Такая была девочка… Настоящая лесная нимфа из сказок.
— Хорошо… о… отец, — нерешительно выговаривает Кирилл, поглядывая на него с сомнением и немым вопросом, вжимая голову в плечи в ожидании наказания за своё своеволие.
Пожалуй, паренька ему тоже немного жаль.
— Называй меня просто Андрей. Так будет лучше. Окей? — дожидается ещё нескольких поспешных, судорожных кивков согласия и ободряюще улыбается ему. — Если у тебя нет больше срочных вопросов, можешь идти, Кирилл. Водитель отвезёт тебя в гостиницу, телефон и деньги на первое время тоже у него.
Пацан подскакивает, как ужаленный, и поспешно скрывается за дверью, до неловкого много раз бормоча своё «до свидания». И как только дверь за ним прикрывается, Андрей переглядывается с серьёзным и хмурым Ибрагимом, подобно одному из атлантов подпирающему спиной стену.
— Знаешь, Ибрагим, мы слишком часто ошибаемся, отказываясь прислушиваться к своим родителям. Вот мой отец всегда говорит: Андрей, будь на стороне сильных. Он терпеть не мог этих Зайцевых, утверждал, что они все действительно никчёмные и трусливые, как зайцы. Вот и этот… такой же.
…
— Ты слишком рано начал огрызаться, — цедит злобно, еле оставляя при себе все нелестные характеристики в адрес сына.
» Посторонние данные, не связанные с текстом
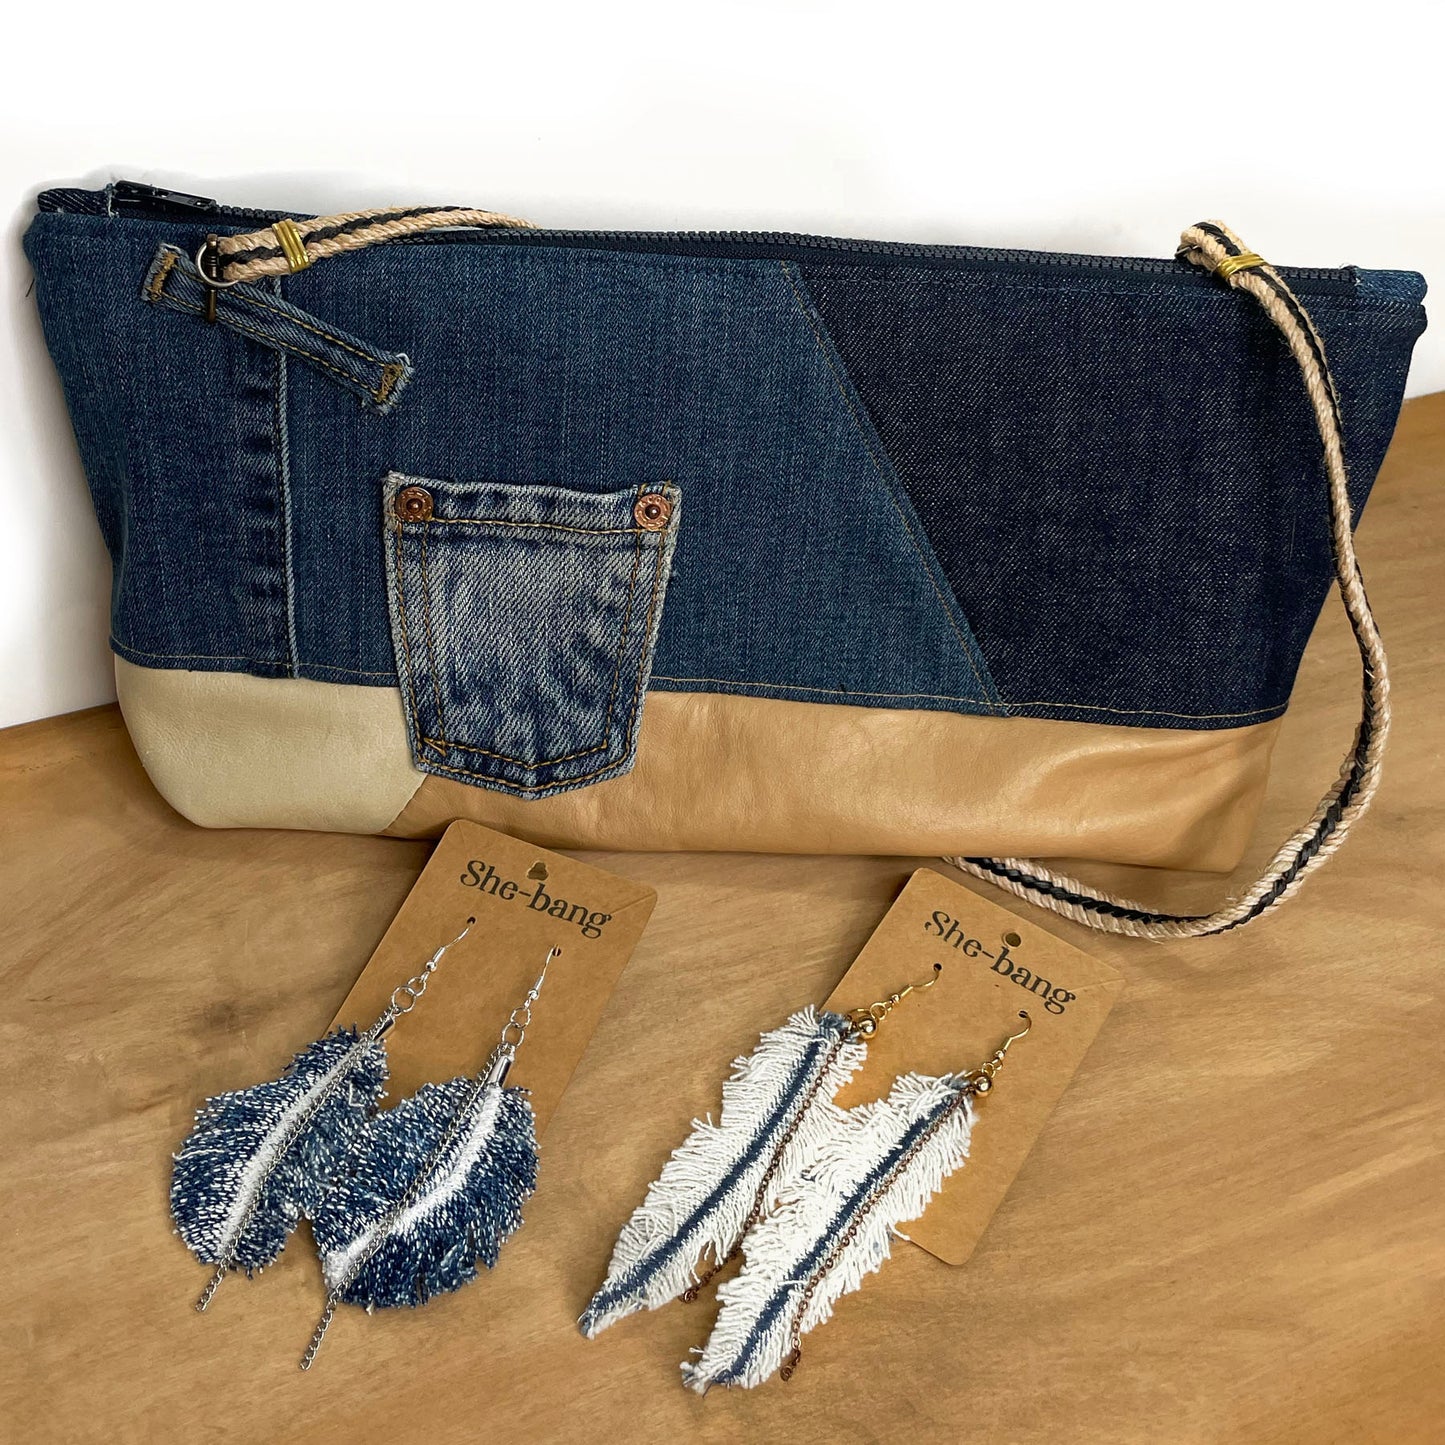 handmade unique handbags, recycled denim bags, handmade genuine leather bags, completely one of a kind bags made by local brooklyn designers.

— Не вмешивай меня в свои проблемы, — поразительно нагло заявляет Кирилл, а следом звучат один за другим короткие гудки.
Не зря отец говорил ему, что этого беспородного щенка нужно было утопить сразу же, как он родился.
— Что за ёбаный вечер?! — спрашивает вполголоса, резко разворачиваясь в противоположную от спальни сторону и направляясь на кухню.
Бар забит под отвязку, уставлен бутылками на любой вкус. И для тех, кому важна громкая марка и эстетически прекрасная упаковка, и для настоящих ценителей глубоких оттенков вкуса и неожиданных, пикантных ноток. Всё чертовски дорогое, эксклюзивное и коллекционное, но рука тянется вглубь и всё равно выхватывает обычную водку.
Ему нужно немного успокоиться и избавиться от чувства нарастающей тревоги. Ничего особенного не происходит — уже не впервые его пытаются прижать, и каждый подобный раз все эти мерзкие крысы-предатели, окружающие его со всех сторон, начинают стремительно бежать с тонущего, — как они думают, — корабля.
Как бы не так. Не будет той силы, которая сможет отправить его ко дну.
Звонок в дверь застаёт его с уже наполовину осушенным стаканом. И к собственному позору он испуганно дёргается, проливает на рубашку вонючую жидкость и выдаёт тираду из отборного мата, быстро направляясь в свой кабинет.
Там, за яркими оранжевыми красками кисти Климта, спрятан сейф с самыми важными документами и оружием.
Пустой сейф.
К входной двери он подходит, сжимая и разжимая кулаки. Заглядывает в экран наружного видеонаблюдения и облегчённо выдыхает, увидев всего лишь давно знакомого охранника.
— Что такое? — спрашивает, зажимая кнопку аудиосвязи, стараясь звучать весело и непринуждённо.
Разорвать, стереть в порошок, уничтожить тех тварей, которые решились на подобные действия против него.
— Андрей Леонидович, там у главного входа две полицейские машины. Говорят, что это… к вам.
— Не пускайте их! Они не имеют права сюда заявляться!
— У них ордер, Андрей Леонидович… — переминаясь с ноги на ногу, почти неразборчиво мямлит охранник, потирая залысину на затылке.
— Я сказал не пускать. Деньги вам плачу я, а не их блядские бумажки, ясно?!
Кишки скручиваются морским узлом, и он залпом опрокидывает в себя остатки водки, наливает новый стакан, трясущимися руками набирает номера тех людей, которые быстро разберутся с тем фарсом, что сейчас пытаются устроить вокруг него.